YOUR TASK:
A faithful copy of all the data is the goal; omit the pictures.

DATA EXTRACT:
= Beginning of Section =
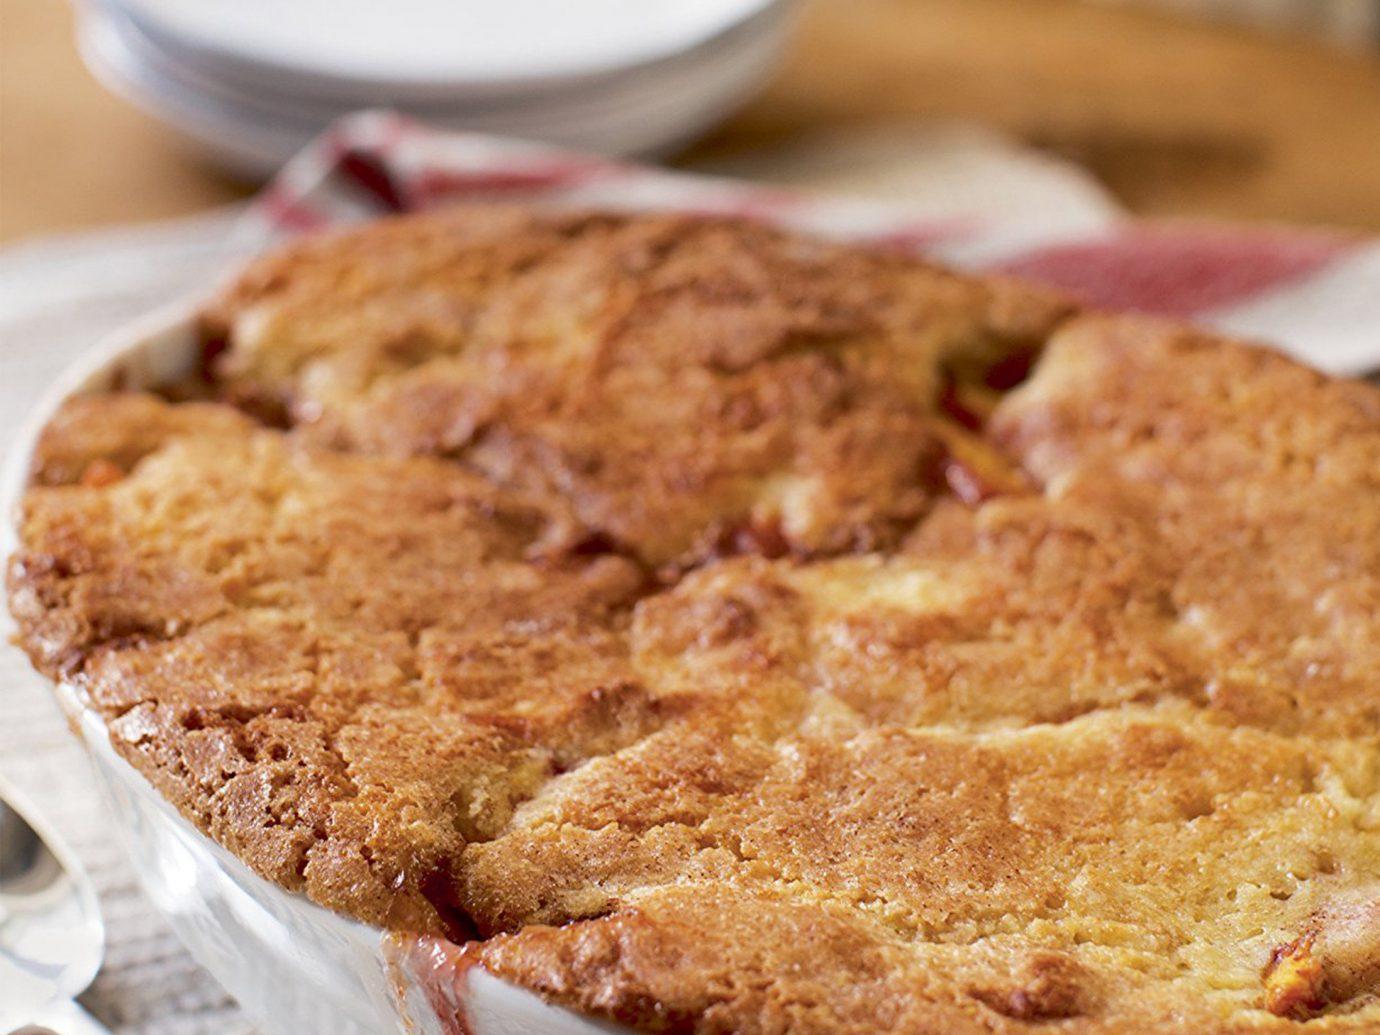 Food + Drink food plate indoor dish dessert piece baked goods breakfast meal produce slice pie fruit baking flavor flowering plant
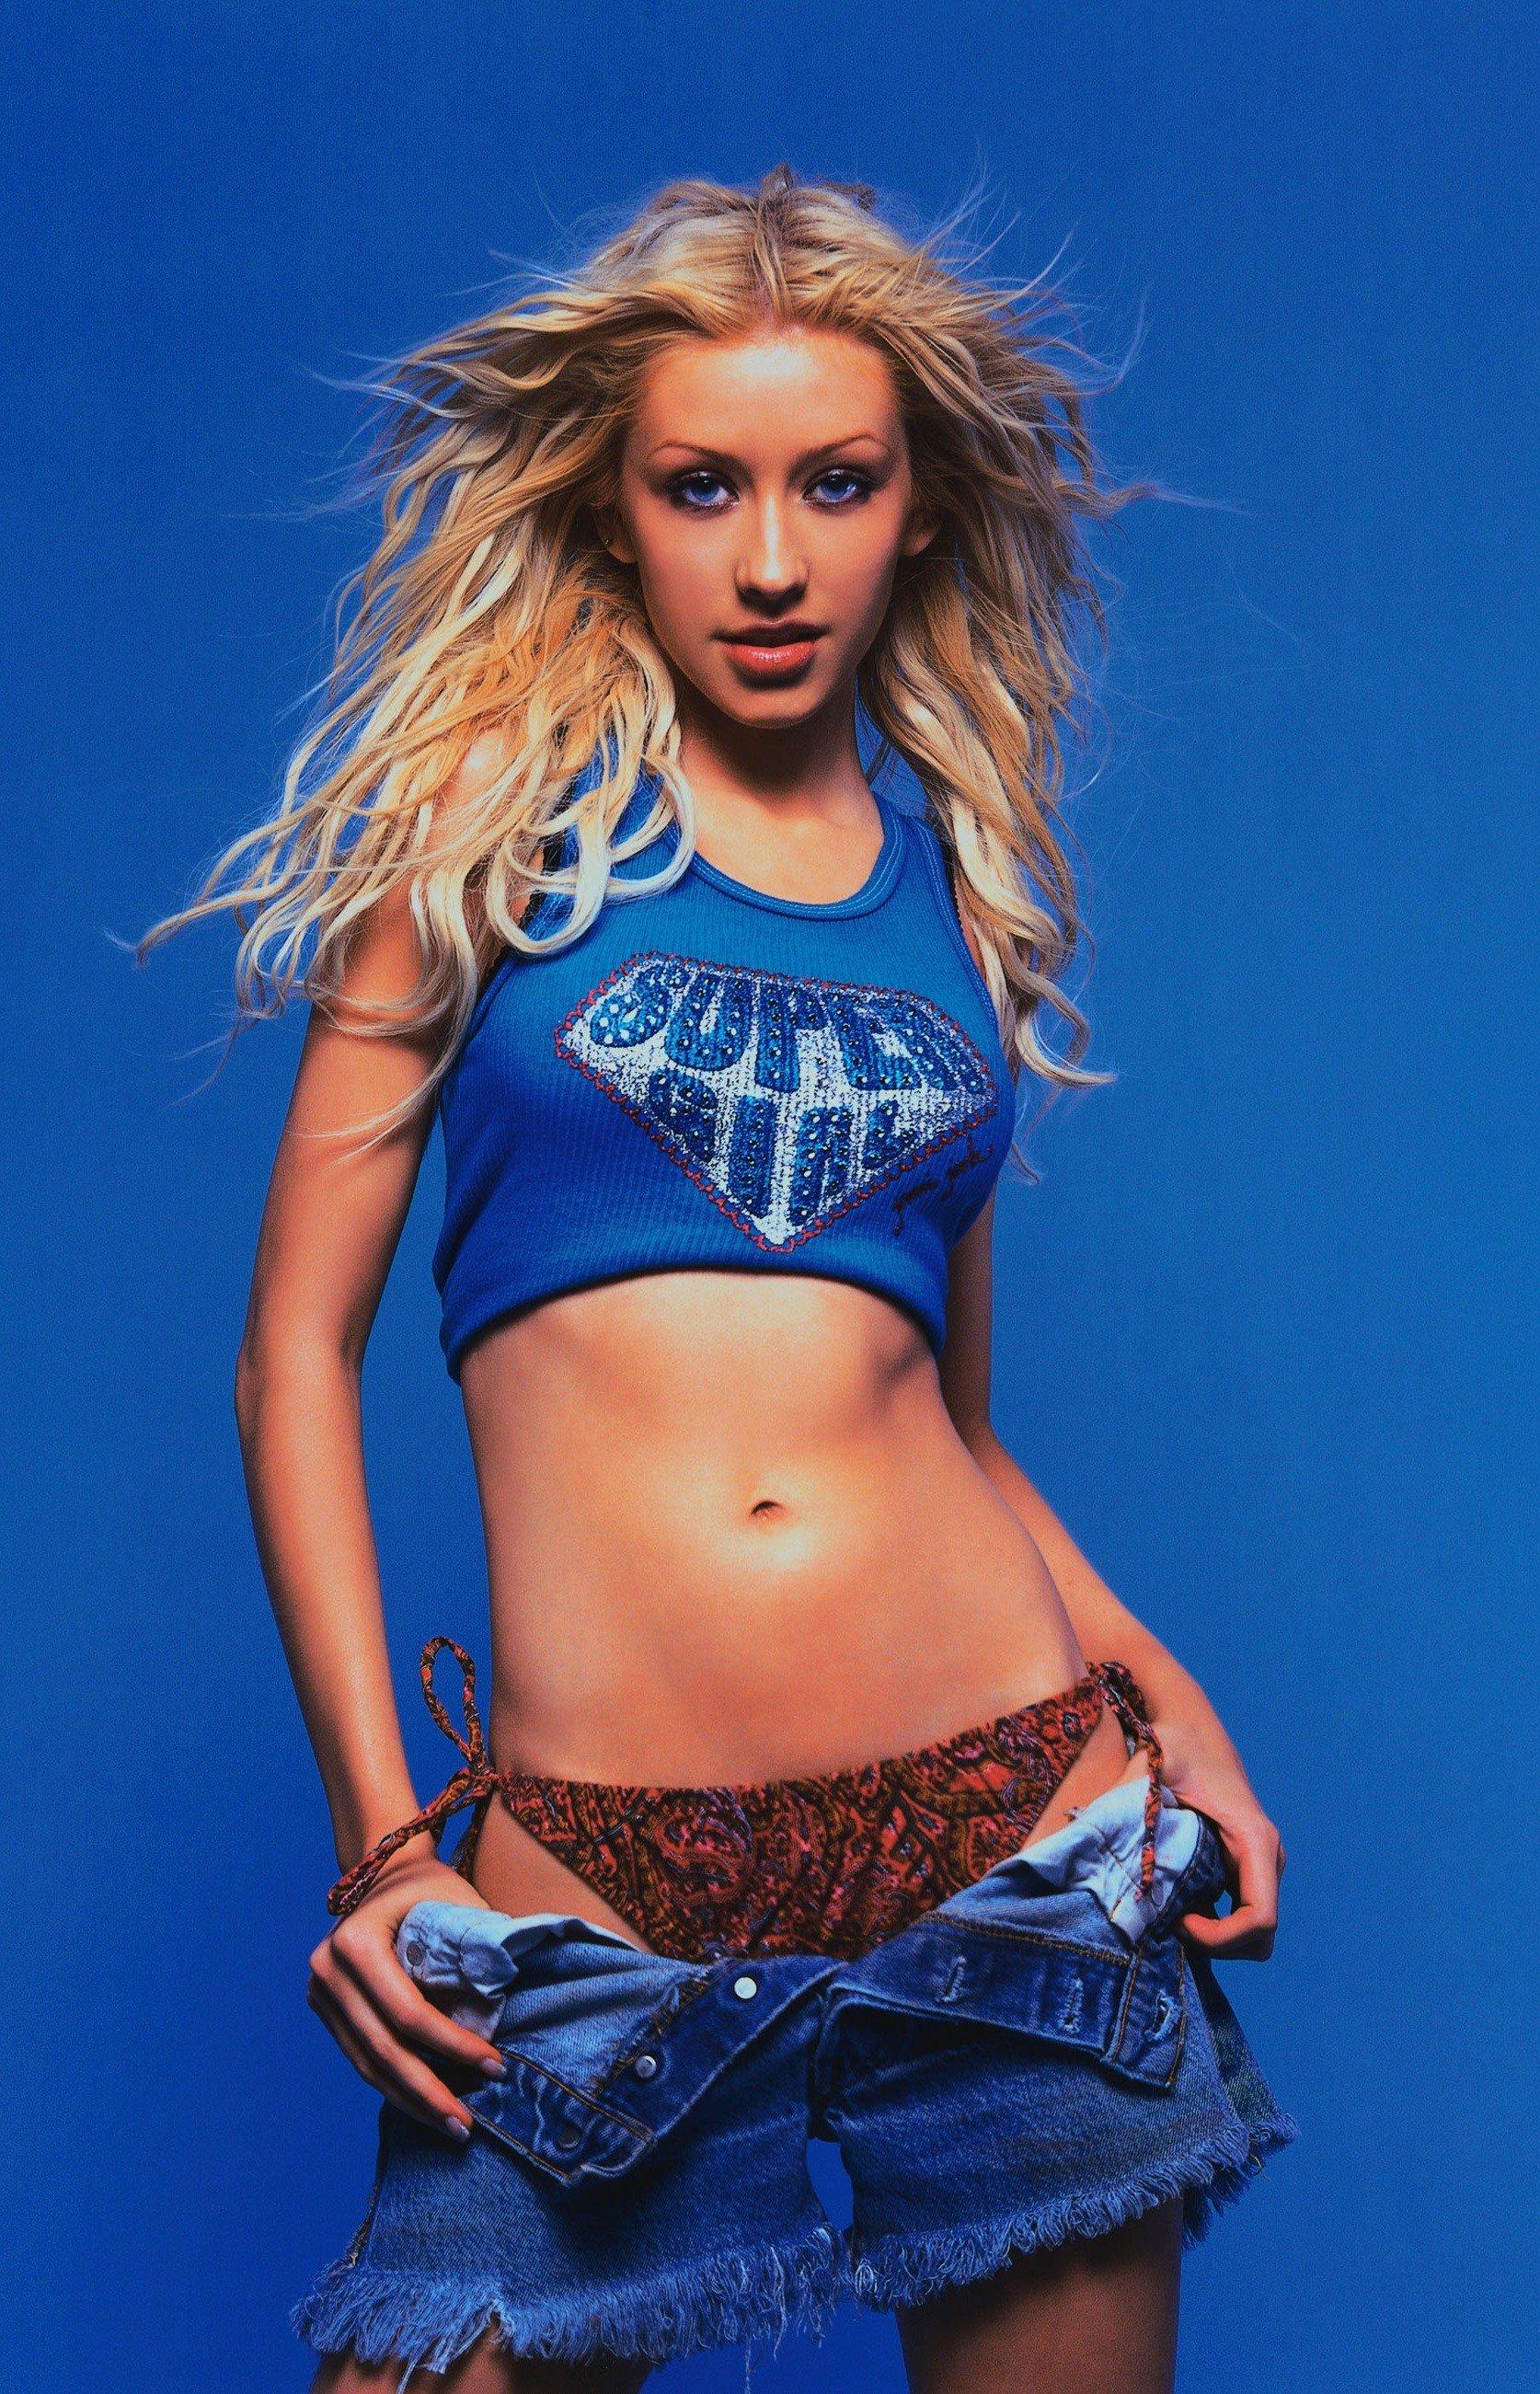 56418_Christina_Aguilera-014375_Rolling_Stone_2000_122_1198lo.jpg
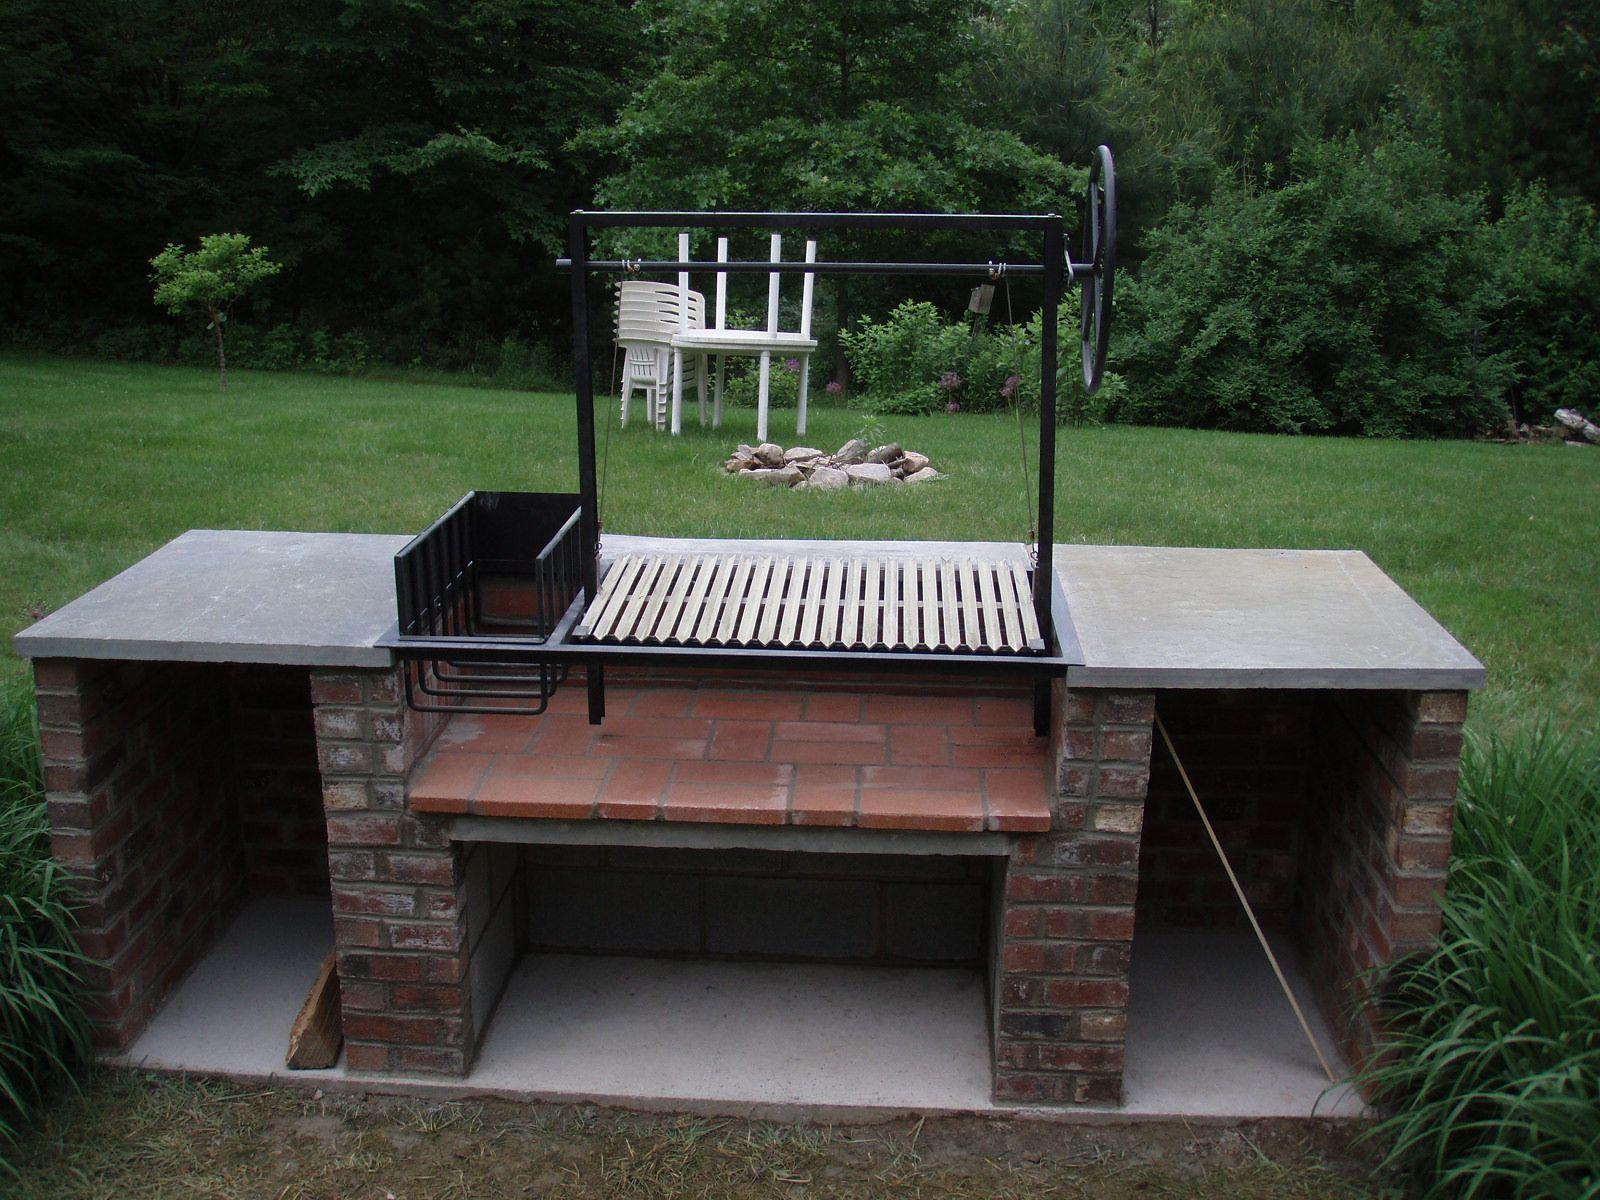 Diy Argentine Grill Plans Home Ideas Grill Kit Outdoor Kitchen Brick Bbq
= End of Section =
EXERCISE ANSWER:
 Food + Drink food plate indoor dish dessert piece baked goods breakfast meal produce slice pie fruit baking flavor flowering plant
 56418_Christina_Aguilera-014375_Rolling_Stone_2000_122_1198lo.jpg
 Diy Argentine Grill Plans Home Ideas Grill Kit Outdoor Kitchen Brick Bbq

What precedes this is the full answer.